◆ Data shown:
>>>>

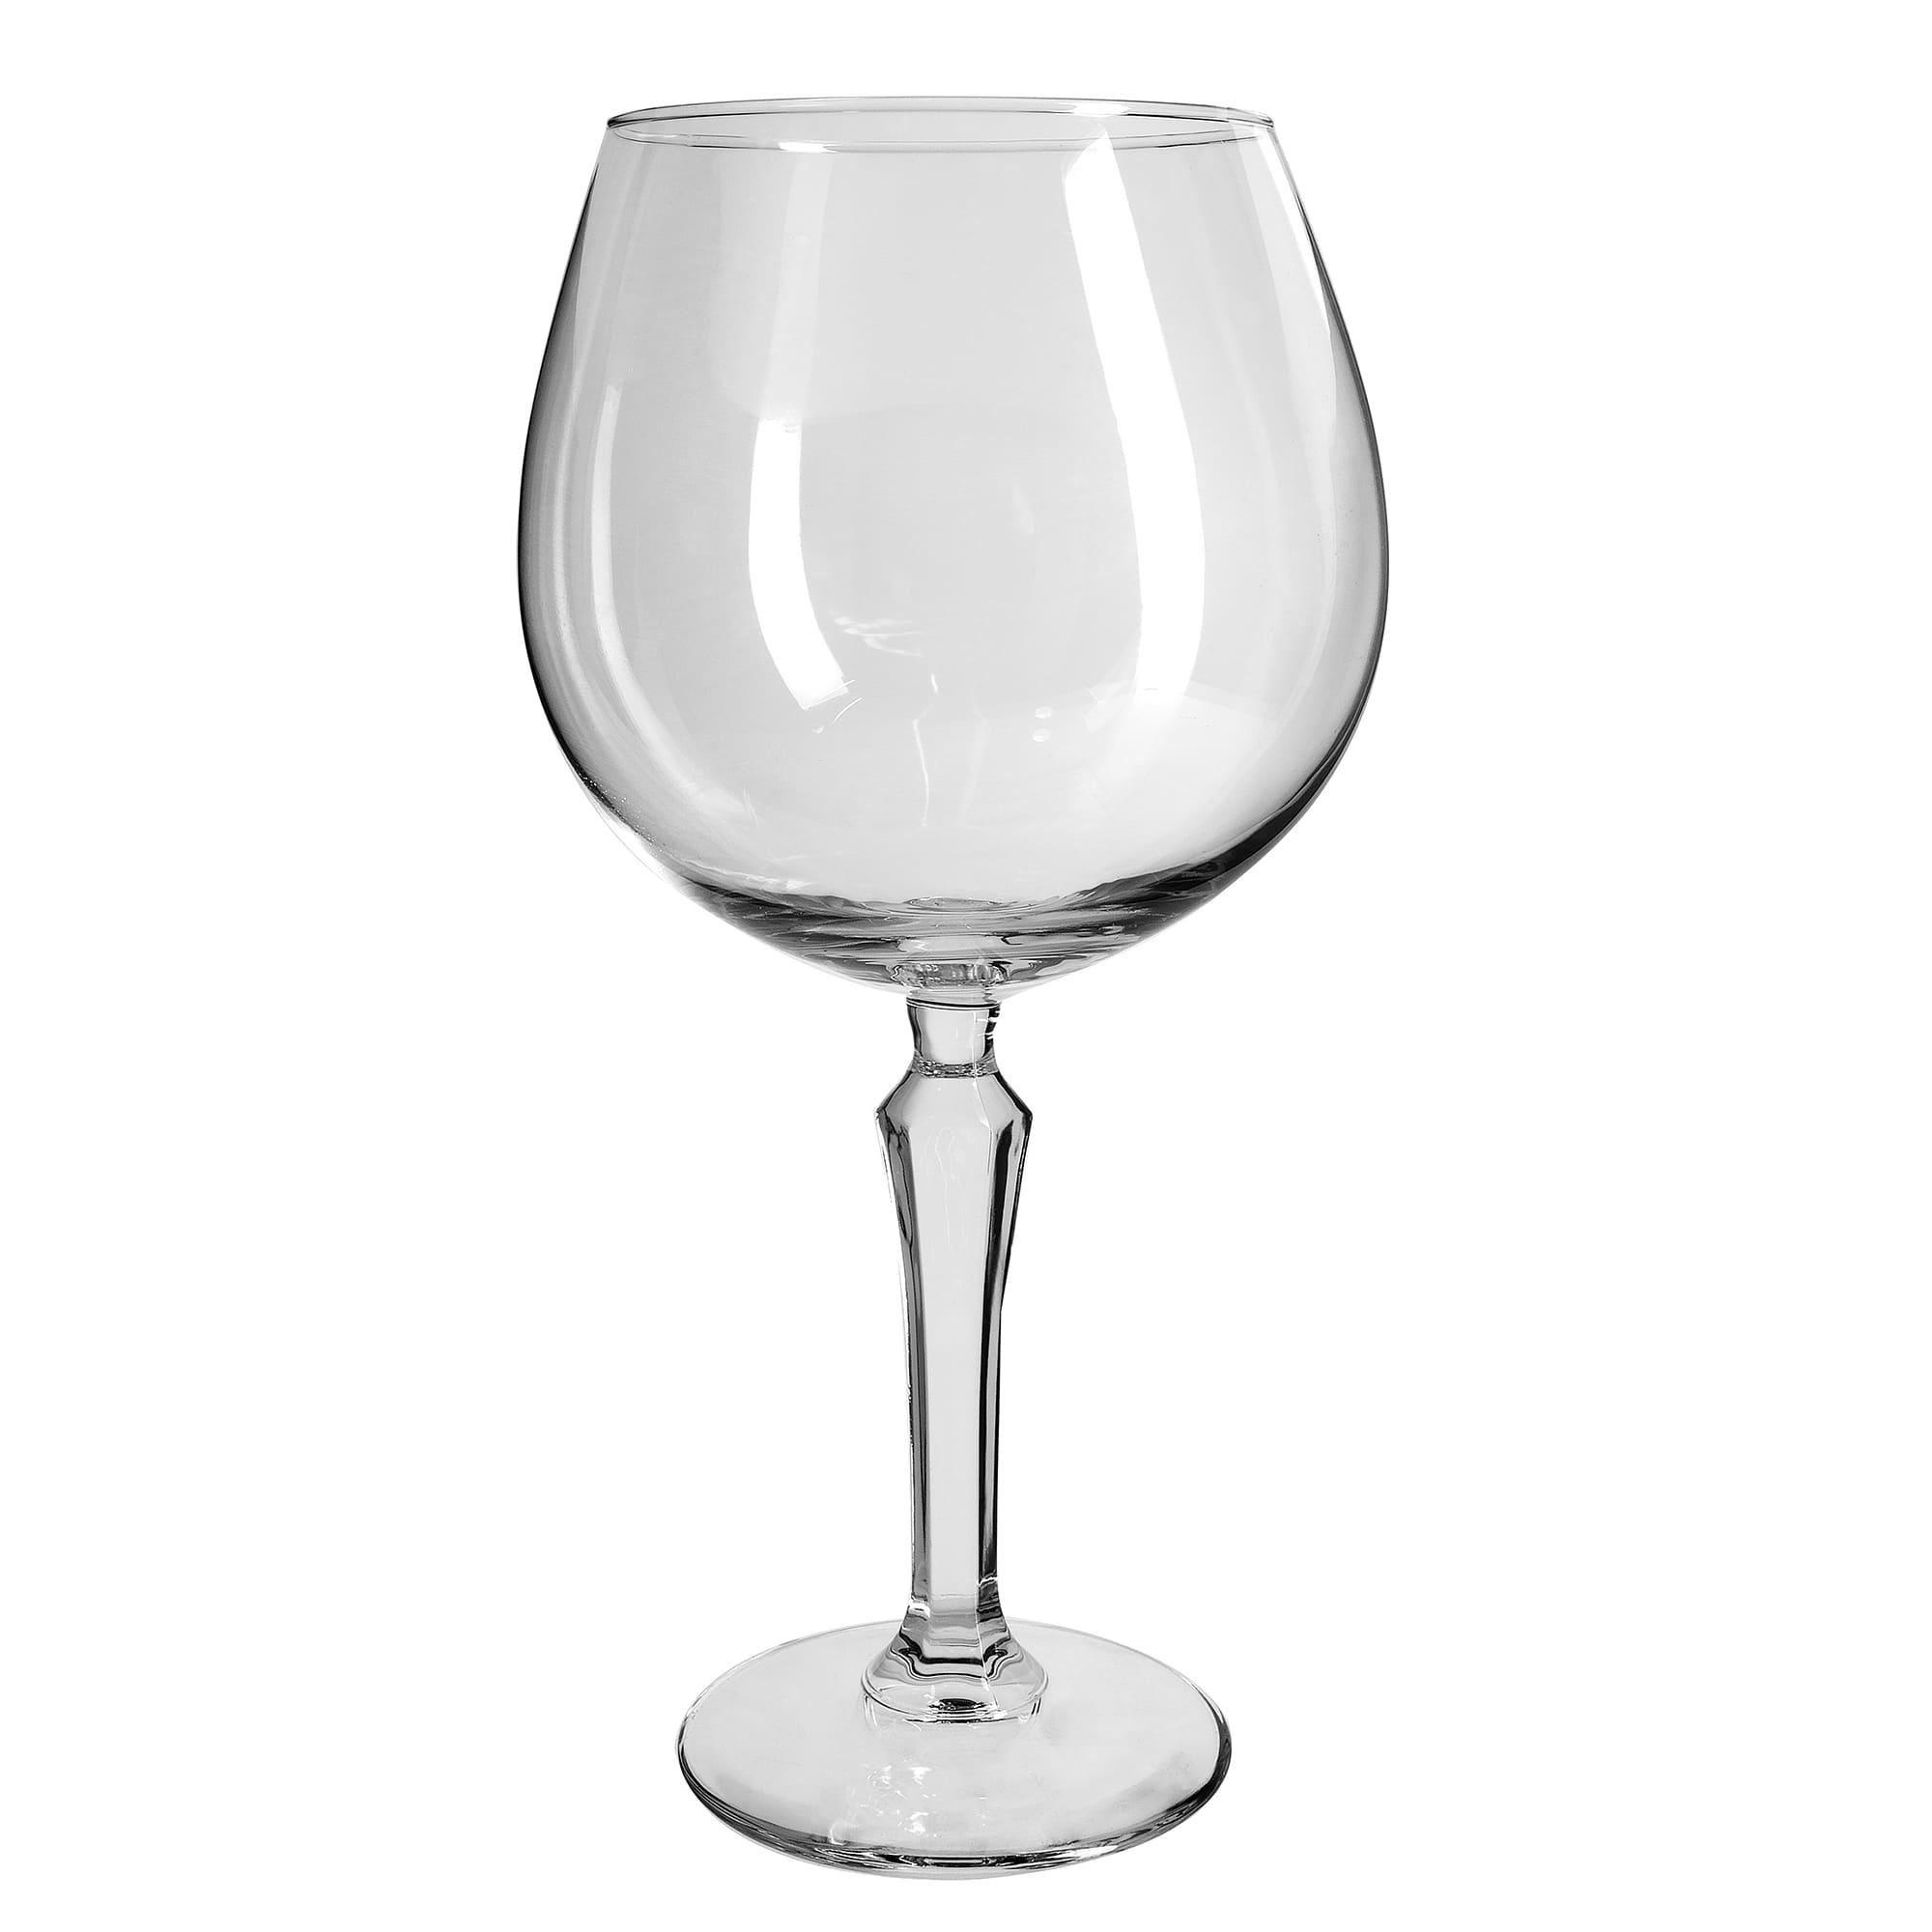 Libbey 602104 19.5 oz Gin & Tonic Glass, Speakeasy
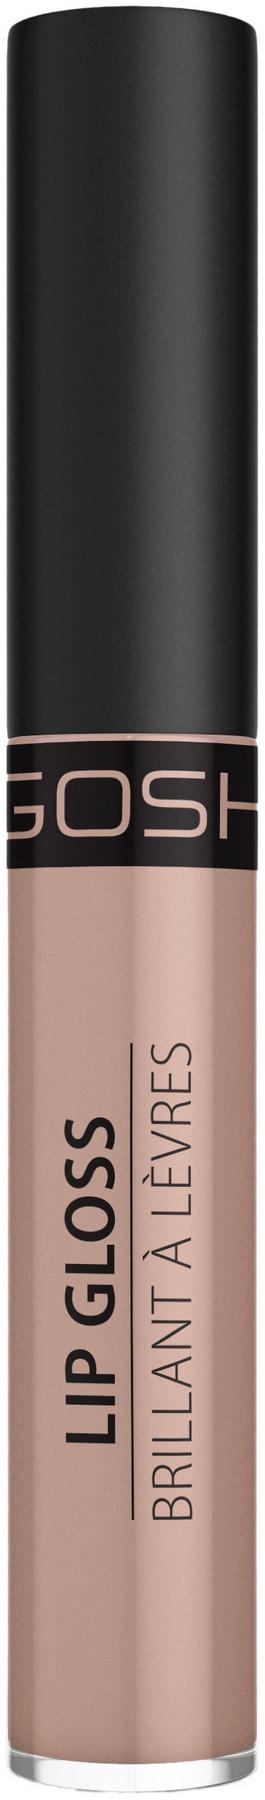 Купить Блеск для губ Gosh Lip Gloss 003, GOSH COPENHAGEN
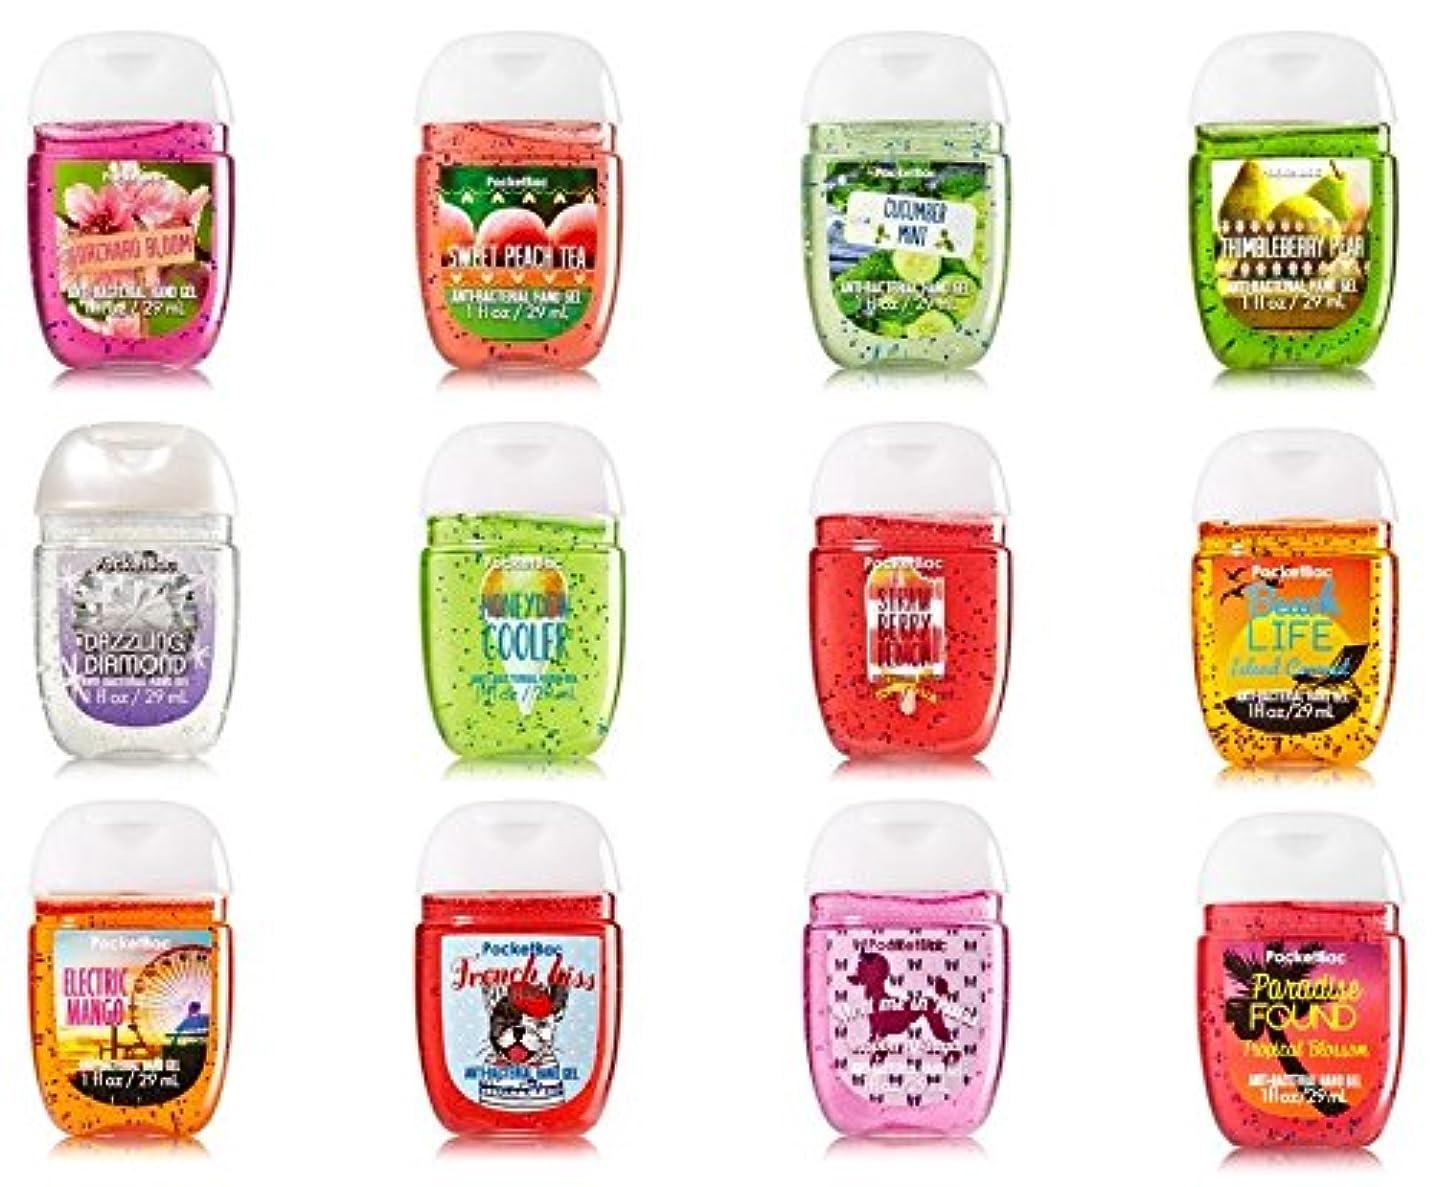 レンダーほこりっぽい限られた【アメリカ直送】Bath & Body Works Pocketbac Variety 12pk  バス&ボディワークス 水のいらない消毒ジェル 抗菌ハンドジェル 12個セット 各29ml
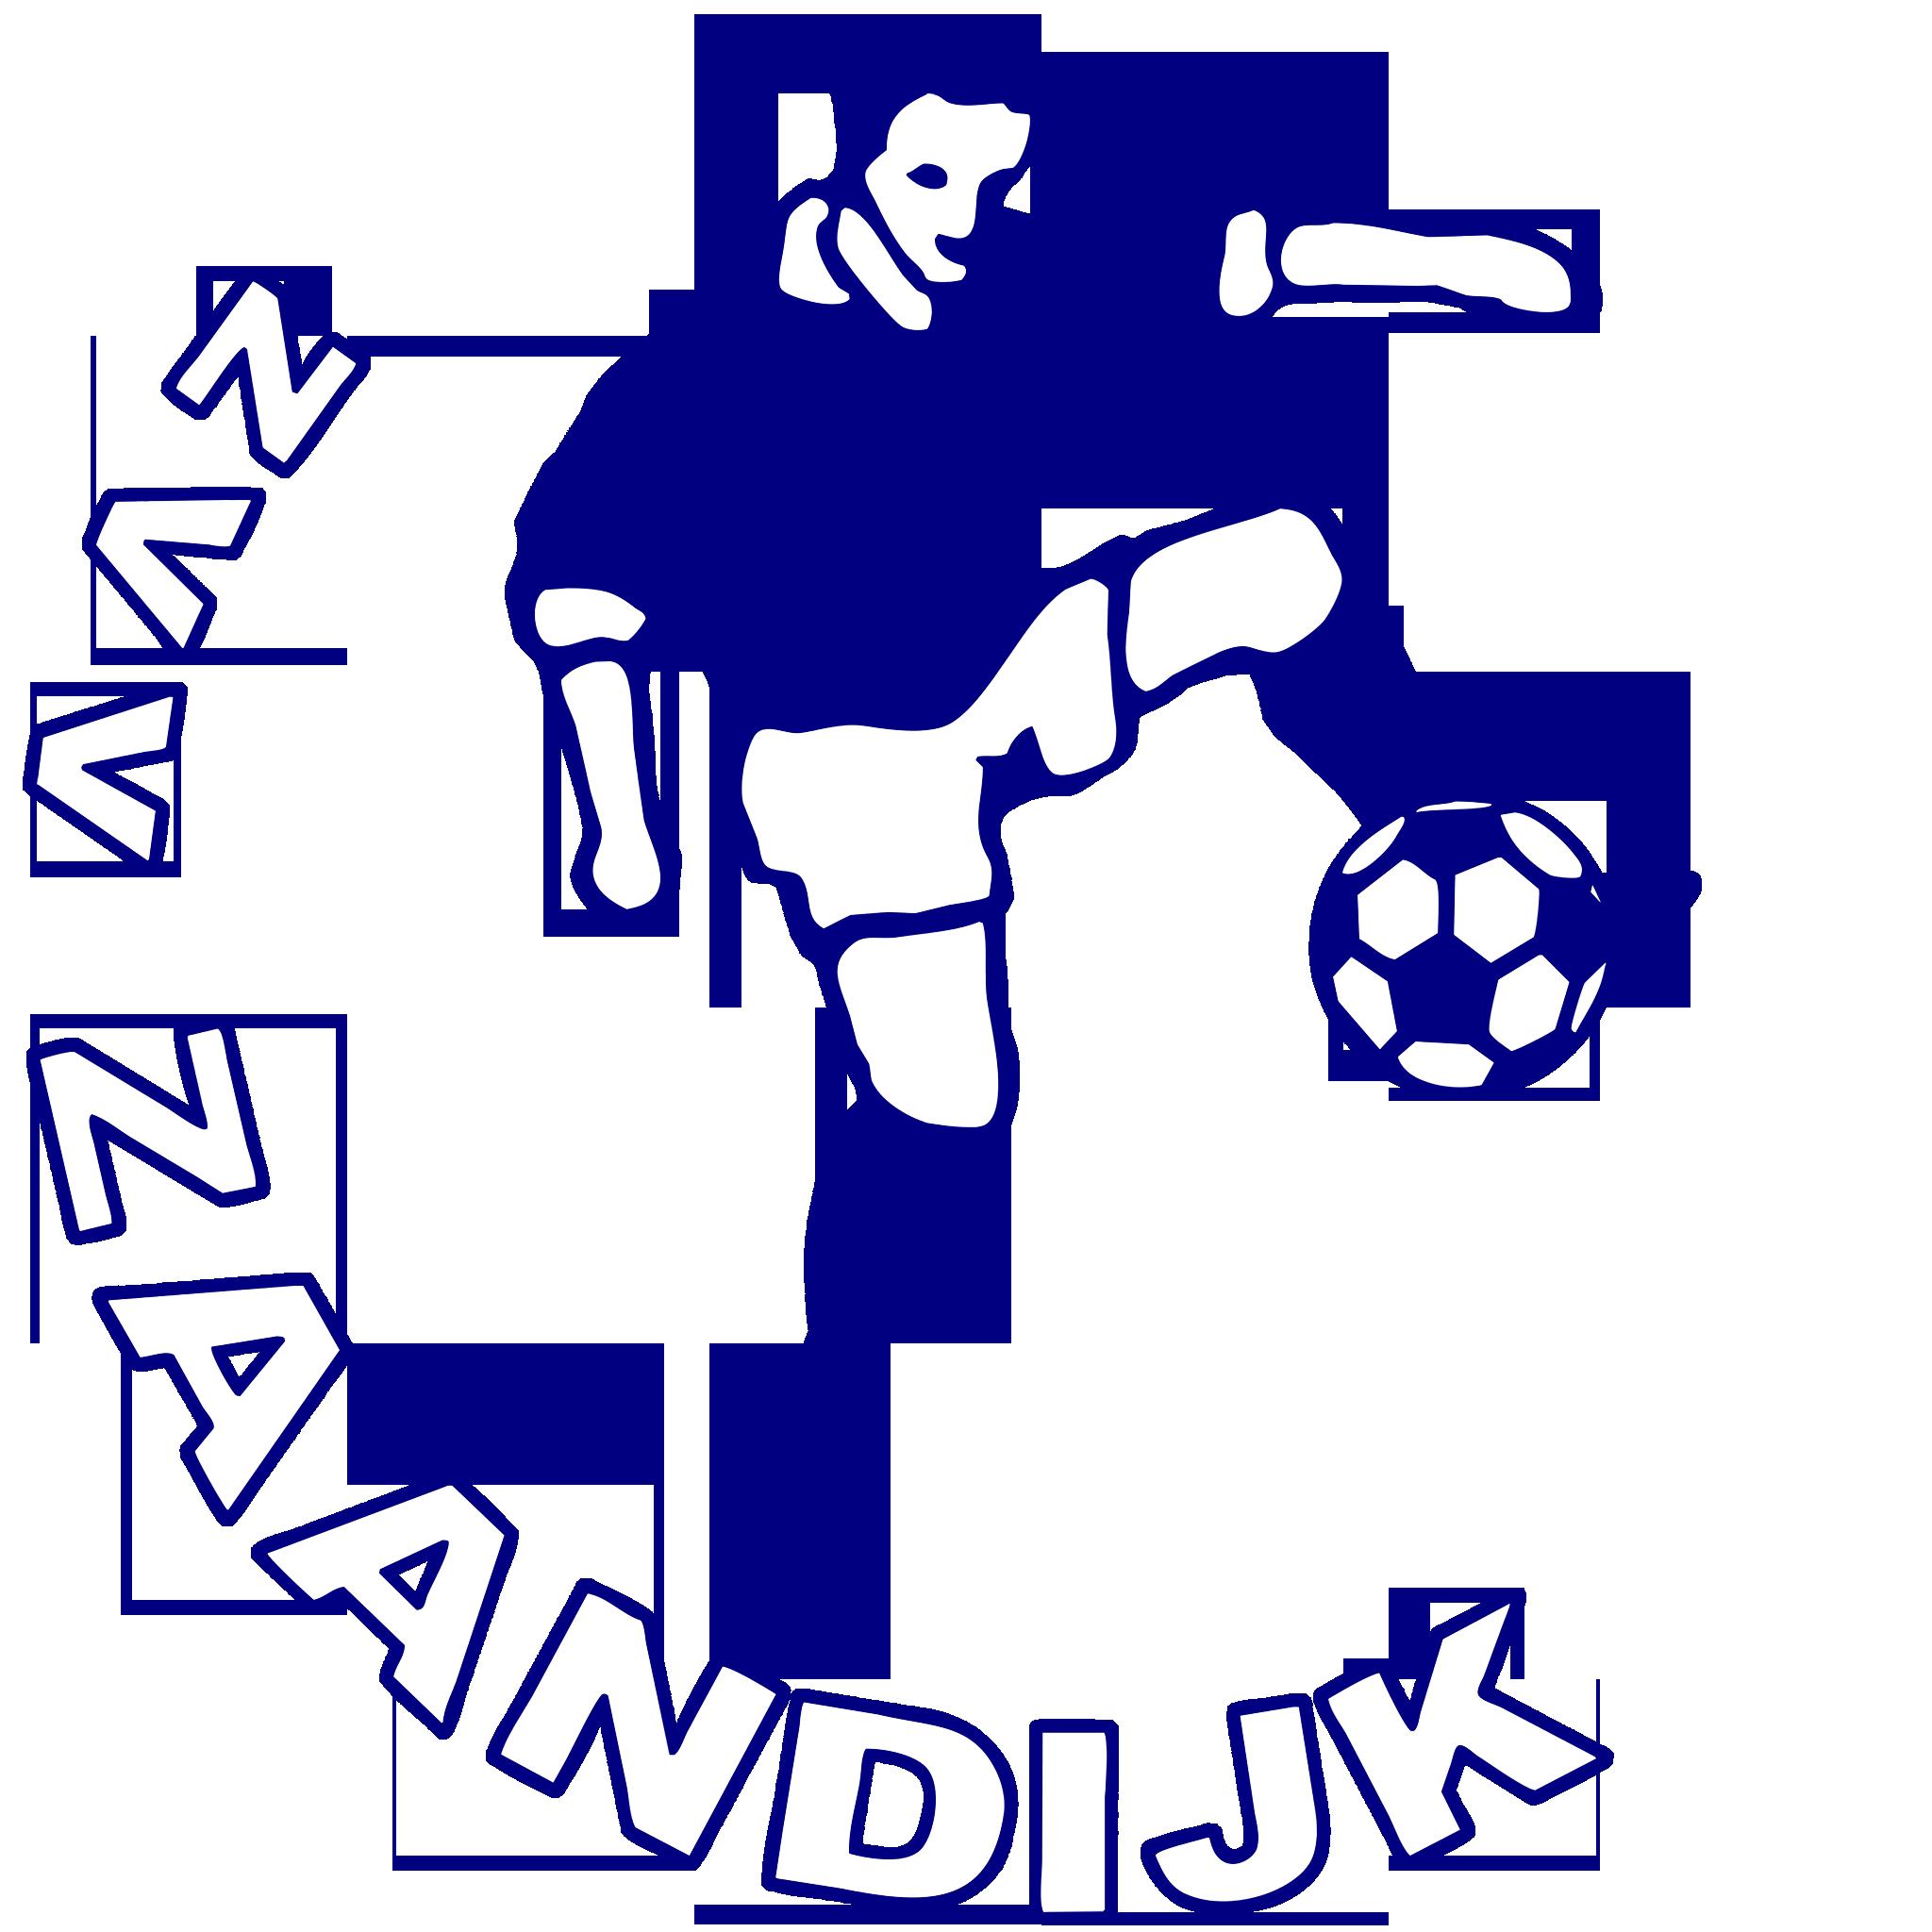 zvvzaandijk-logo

<<<<

◆ Goal of the exercise:
Without any pictures, print the whole listing again exactly as it stands.

◆ Written answer:
 Libbey 602104 19.5 oz Gin & Tonic Glass, Speakeasy
 Купить Блеск для губ Gosh Lip Gloss 003, GOSH COPENHAGEN
 レンダーほこりっぽい限られた【アメリカ直送】Bath & Body Works Pocketbac Variety 12pk  バス&ボディワークス 水のいらない消毒ジェル 抗菌ハンドジェル 12個セット 各29ml
 zvvzaandijk-logo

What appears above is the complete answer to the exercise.